Takeaways from Sparrow: Distributed, Low Latency Scheduling, Ousterhout et al, SOSP, 2013.

Centralized schedulers are not suitable for low latency, high throughput job workloads (~ 100ms tasks at 1 million tasks per second). They offer quality placement at the expense of scheduler latency and scheduler throughput. Centralized schedulers also present a single point of failure.

Hence Sparrow, a distributed scheduler for low latency scheduling. Sparrow offers millisecond latency, high throughput and fault tolerance without compromising on quality placement of tasks.

Sparrow considers a model consisting of several schedulers and workers. Each job arrives at one of the schedulers. A job consists of many tasks and the scheduler finds each task a worker.

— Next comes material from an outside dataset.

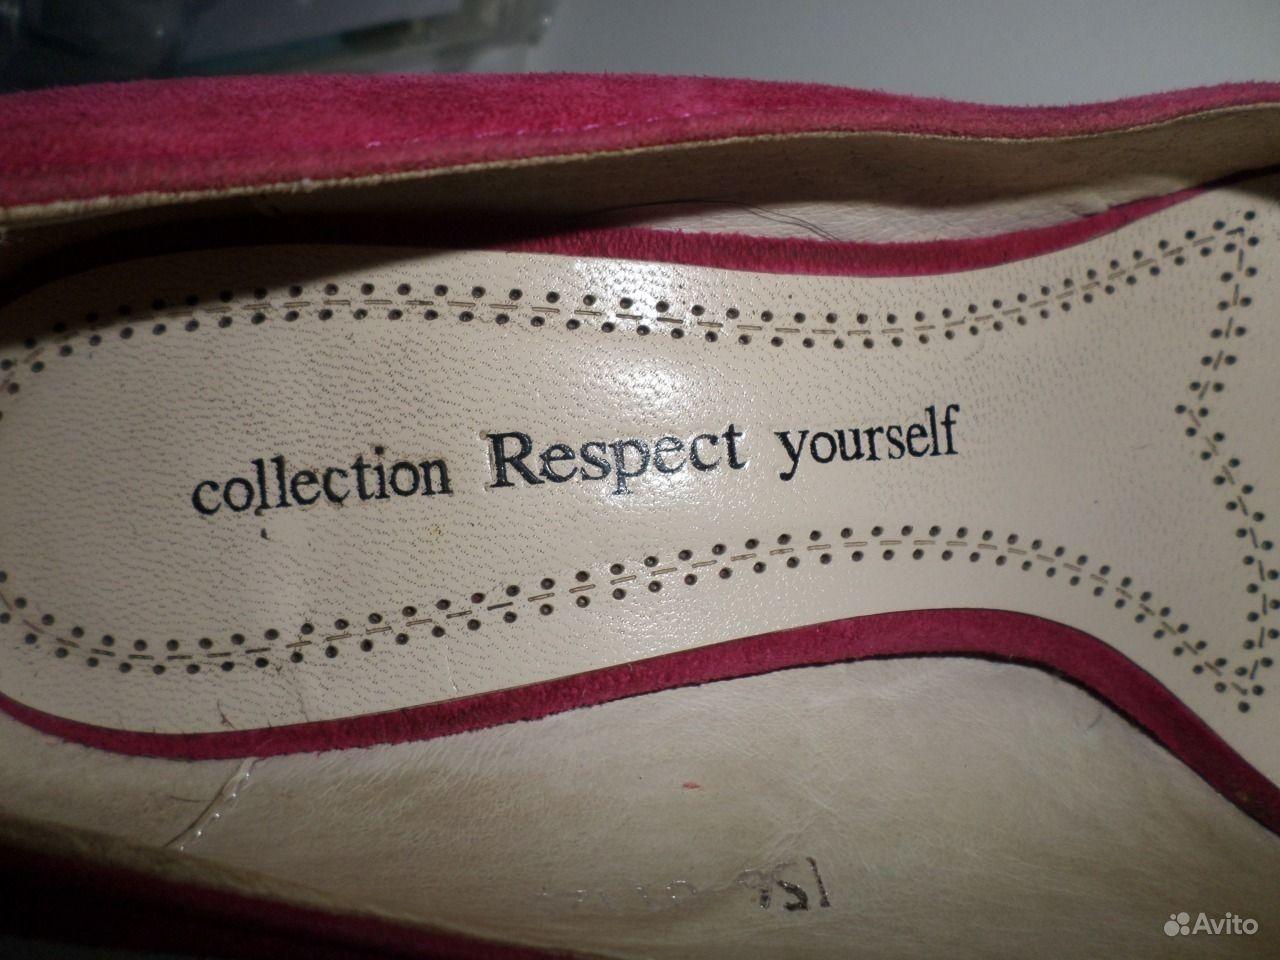 Удобные кроссовки, кари обувь волгоград выбранный курс ВУЗе
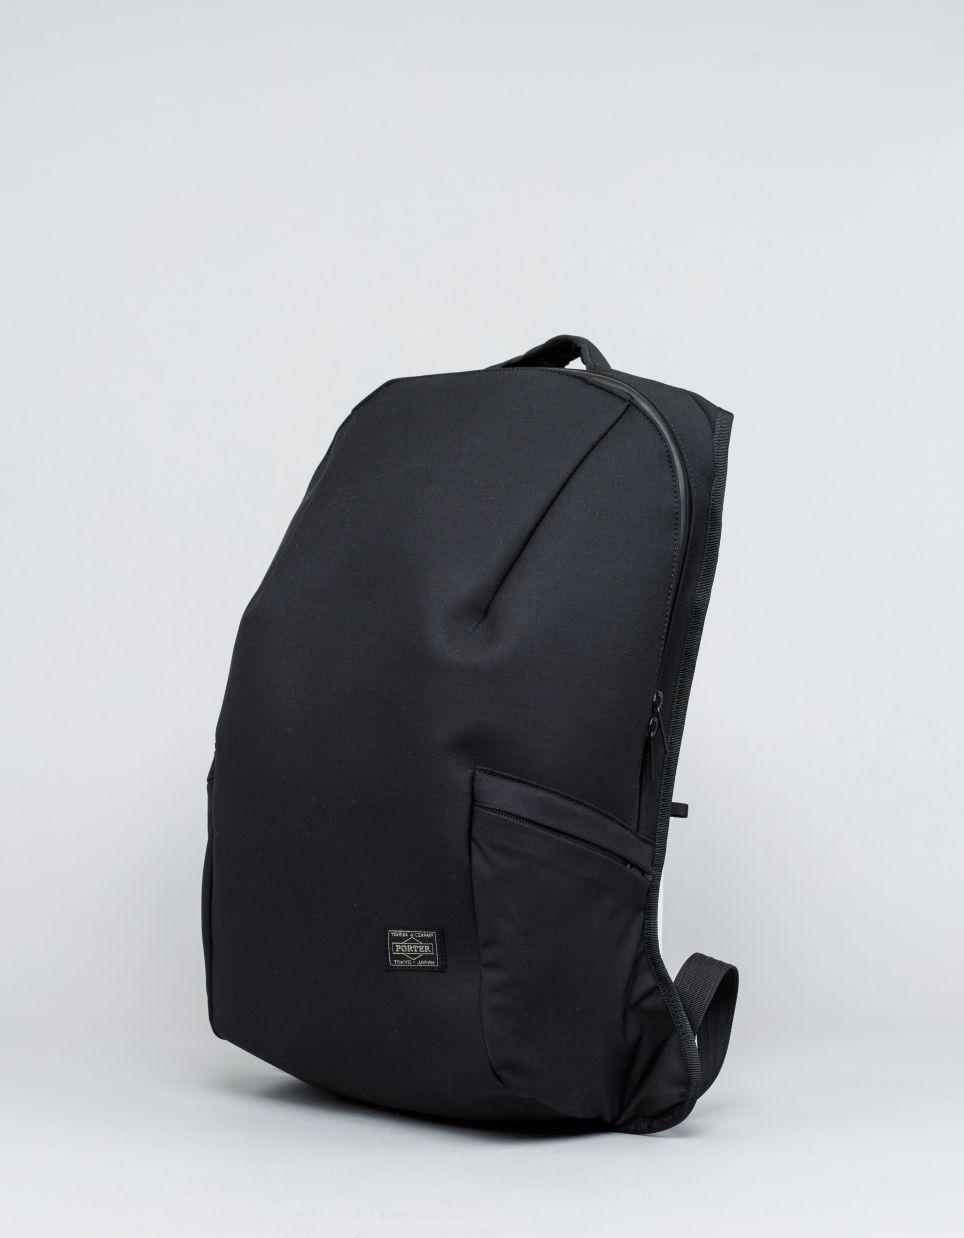 Descente Allterrain - Porter Boa Backpack  541bdb5f2f6c4

Sparrow considers several task to worker assignment strategies to motivate and arrive at its final design. Purely Random. However this performs worse with increasing cluster load.

  • Per-task Sampling. Two workers at random are sampled and task is allocated to the worker with the shortest pending tasks queue. However a task might get unlucky and sample two workers that are very busy. This effect exacerbates with increasing cluster load.
  • Batch Sampling. All the tasks of the job are allocated in a batch. For “m” tasks the scheduler samples “d*m” workers (d is typically 2). The tasks are placed on the “m” workers with the shortest pending tasks queue. However, size of the pending tasks queue is not a good indication of the wait time for a task. Also, multiple schedulers might sample and place tasks on the same workers concurrently leading to a race condition. Batch Sampling performs better than the previous schemes but still doesn’t do well with increasing cluster load (1.92x worse than ideal at 80% load).
  • Late Binding. This is the strategy that Sparrow uses. For “m” tasks, scheduler places probe requests in the queue of all the “d*m” randomly sampled workers. On processing the probe request, the worker requests the task from the scheduler. Thus, the scheduler assigns the tasks to the first “m” workers that reply to the probe requests. Proactive cancellation of the probe requests in the other worker queues is done by the scheduler.

Sparrow also handles constraints to some extent.

  • Per-Job Constraints. Batch Sampling is done only from the workers that satisfy the constraint.
  • Per-Task Constraints. Batch Sampling is replaced by Per-Task Sampling. However Late Binding still applies. A small optimization that shares probe results across tasks is done.
  • Sparrow cannot handle inter-job constraints.

Sparrow also approximately supports strict priorities and weighted fair sharing.

The authors also discuss the limitations and the scope for future work.

  • Sparrow offers approximate policy enforcement. Pre-emption can be done to address this.
  • Inter-job constraints are not supported.
  • Gang scheduling is not supported.
  • Query-level policies are not supported. Sparrow only approximately supports job-level policies.
  • Worker failure tolerance is not supported. Occasional heartbeats from a centralized state store to all the workers can address this.
  • Dynamic probe ratio is not part of the design. The value of “d” can be varied with the cluster load to address this.